CADILLAC’S COMIN’ now on Kindle

A few years ago, I wrote a rock & roll novel called Cadillac’s Comin’. Today, it went up on Kindle. It’s a hard tale of a rockabilly one-hit wonder who recorded for Sun Records back in the 1950s. For the uninitiated, Sun was a small company, but became the iconic label of that era, responsible for many of the great early rock & roll hits.

The book has the requisite sex, drugs, and rock & roll throughout, but the second half of the novel, which takes place in the 1980s, is noirish, so I feel it’s appropriate to talk about it in this space.

As I mention in a bio I wrote somewhere, thirty years of playing music isn’t exactly the best training for becoming an author. Thirty years of writing would be more like it. But playing music was what I did, so that’s what I had to work with. I say this because when I first sat down to write many years ago, the temptation was strong to “write what I know”, in other words, a rock & roll novel. Oh, was I tempted. Characters popped into my head from all sides, plots swirled around me…how could I resist?

But I had to resist, you know?  Because I didn’t want to shoot my wad with one music novel. I wanted to write a lot of books, and I knew that rock & roll was not exactly a beckoning genre for successful novelists. So after a couple of missteps, I got into crime.

After I’d written a couple of crime/noir novels, I had convinced myself that I could actually write, so I finally gave release to those rock & roll demons inside my head. Cadillac’s Comin’ was the result. Of course, no agent or publisher would touch it, so after a few years of languishing on my hard drive, it resurfaced and got my attention once more. I tightened it up, polished it, and today I put it up on Kindle.

For those of you who have considered self-publishing on Kindle, I strongly recommend you read every word of Joe Konrath’s blogs for the last six months before you take the step. He has…well, just read the blogs and you’ll see what I mean. Once you do, and IF you decide to go ahead with it, be ready to step into The Formatting Swamp of Doom. You’ll need to go over your novel line by line–I mean it–and in some spots, word by word in order to format it correctly for Kindle.

If you make it to the other side of the swamp, set your price, throw it up there and hope for the best. Of course, you’ll need to promote it heavily, which will occupy virtually every waking moment of your foreseeable future. So good luck!
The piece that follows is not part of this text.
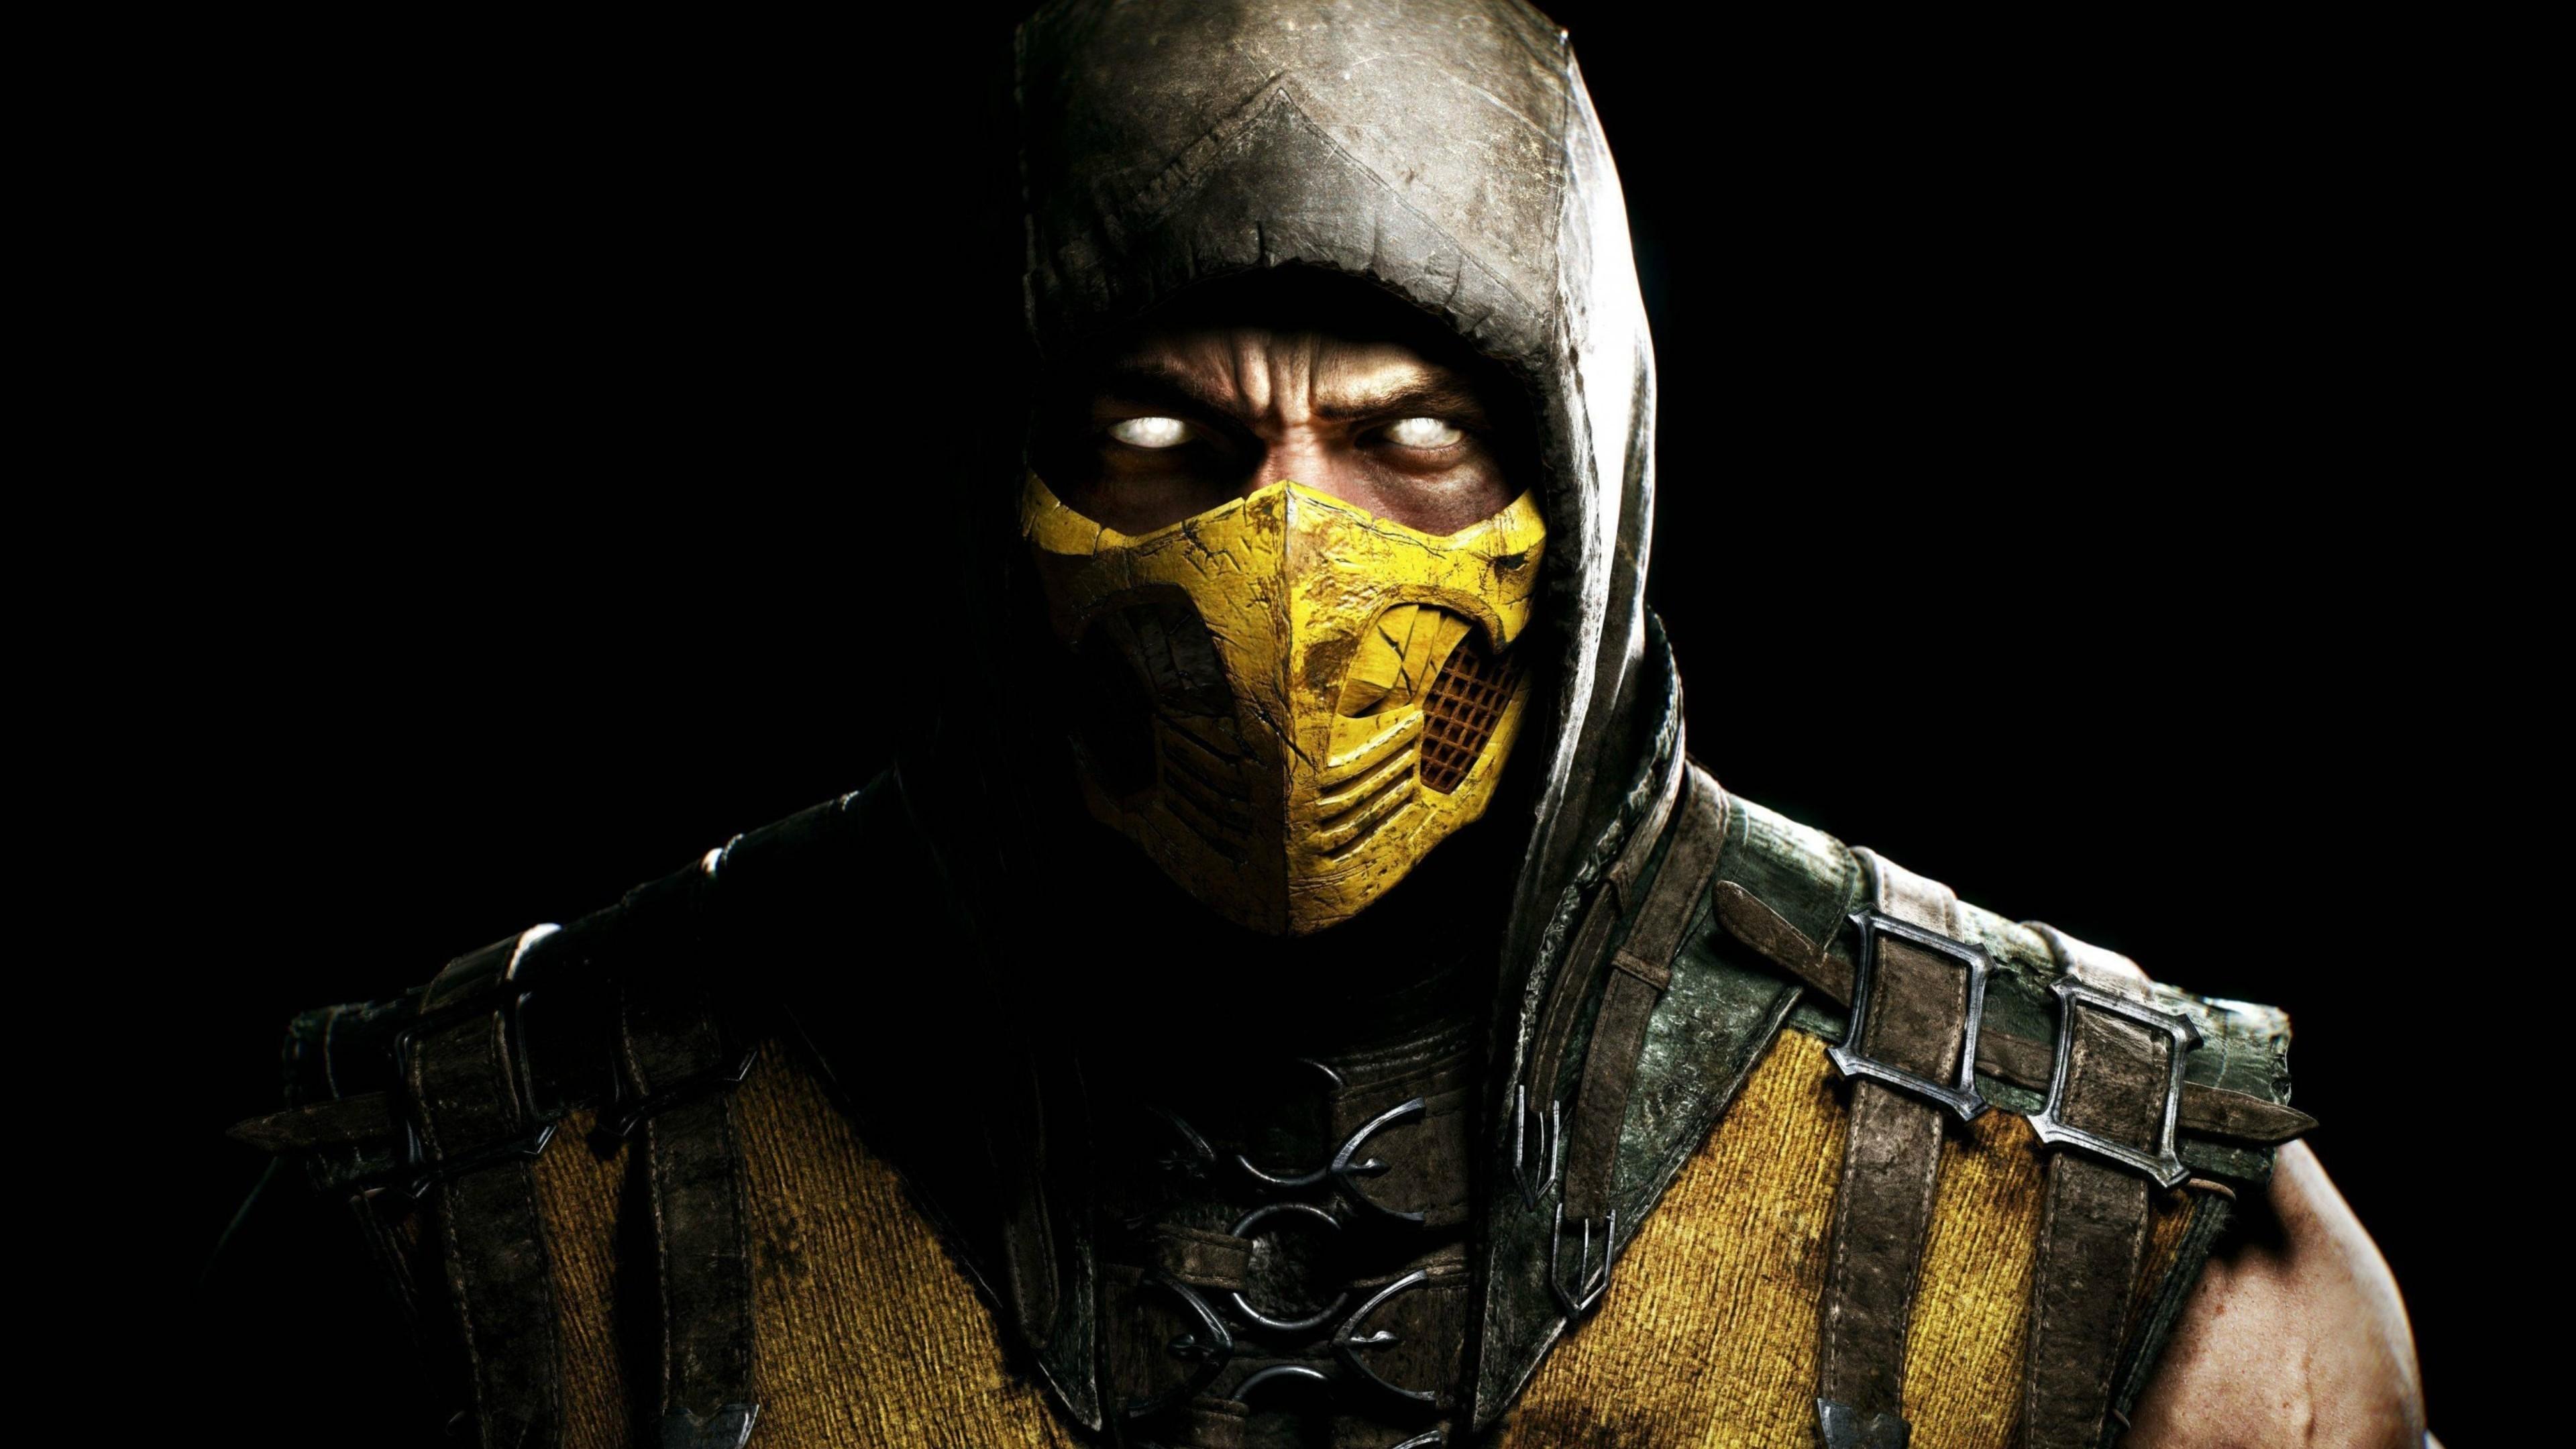 Res: 3840x2160, Scorpion In Mortal Kombat (2048x1152 Resolution)

Now here’s a brief synopsis of Cadillac’s Comin’.

***

It is June, 1958.  Elvis Presley has gone into the army, while Jerry Lee Lewis has just returned from a career-shattering trip to England with his 13-year-old wife.  Rock & roll music is under attack from all sides and is in real danger of disappearing, as its two most dynamic artists are effectively removed from the picture.  Sun Records, an independent Memphis label responsible for many of the seminal rock & roll hits, has chosen piano rocker Ike Thacker, native of Greenville, Mississippi, from its impressive stable of artists to assume the mantle of the “King of Rock & Roll”.
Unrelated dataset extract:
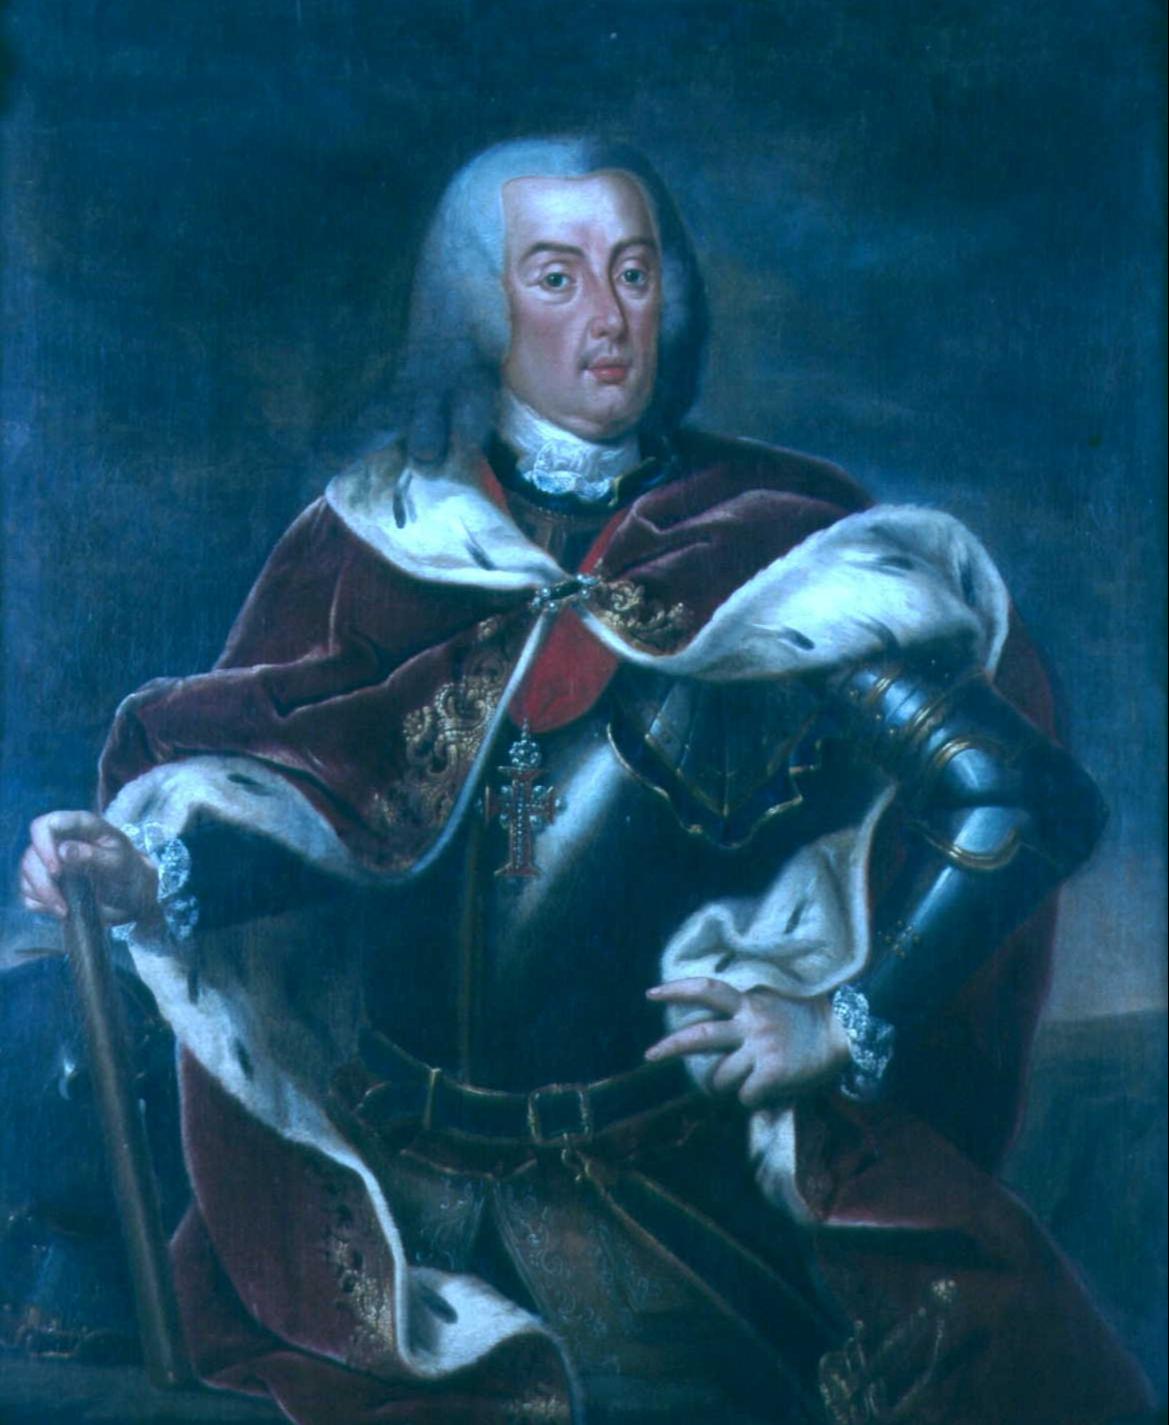 Reinado de D. José I. 1750-1777.

Ike is one of the most powerful performers on the American scene, combining an explosive stage presence with his natural talent for writing big songs.  This one-two punch makes him the prime candidate for the top rock & roll artist in the world, and he makes up to five thousand dollars a night, a fortune by 1958 standards.
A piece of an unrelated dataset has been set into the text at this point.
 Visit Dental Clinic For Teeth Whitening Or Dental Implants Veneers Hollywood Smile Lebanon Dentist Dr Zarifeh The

Sam Phillips, Sun’s founder and president, sees an opportunity to push his company into the highest echelons of the record business, becoming, in trade parlance, a “major label”.  But first, the fledgling music called rock & roll must be firmly established with a hero, a leader at the top, who of course is under contract to Sun.  Sam’s got it all planned out:  Ike will do a starmaking tour, as his new record, Cadillac’s Comin’, shoots up the charts.  The record will become a smash hit, a movie deal will then be signed, and he’s even slated to make an appearance on the prestigious Ed Sullivan Show, following which he will be universally recognized as the king of rock & roll.  And of course, Sun will move into a controlling position in the music industry, selling millions of records in the process.  All very nice, but Ike proves difficult to control.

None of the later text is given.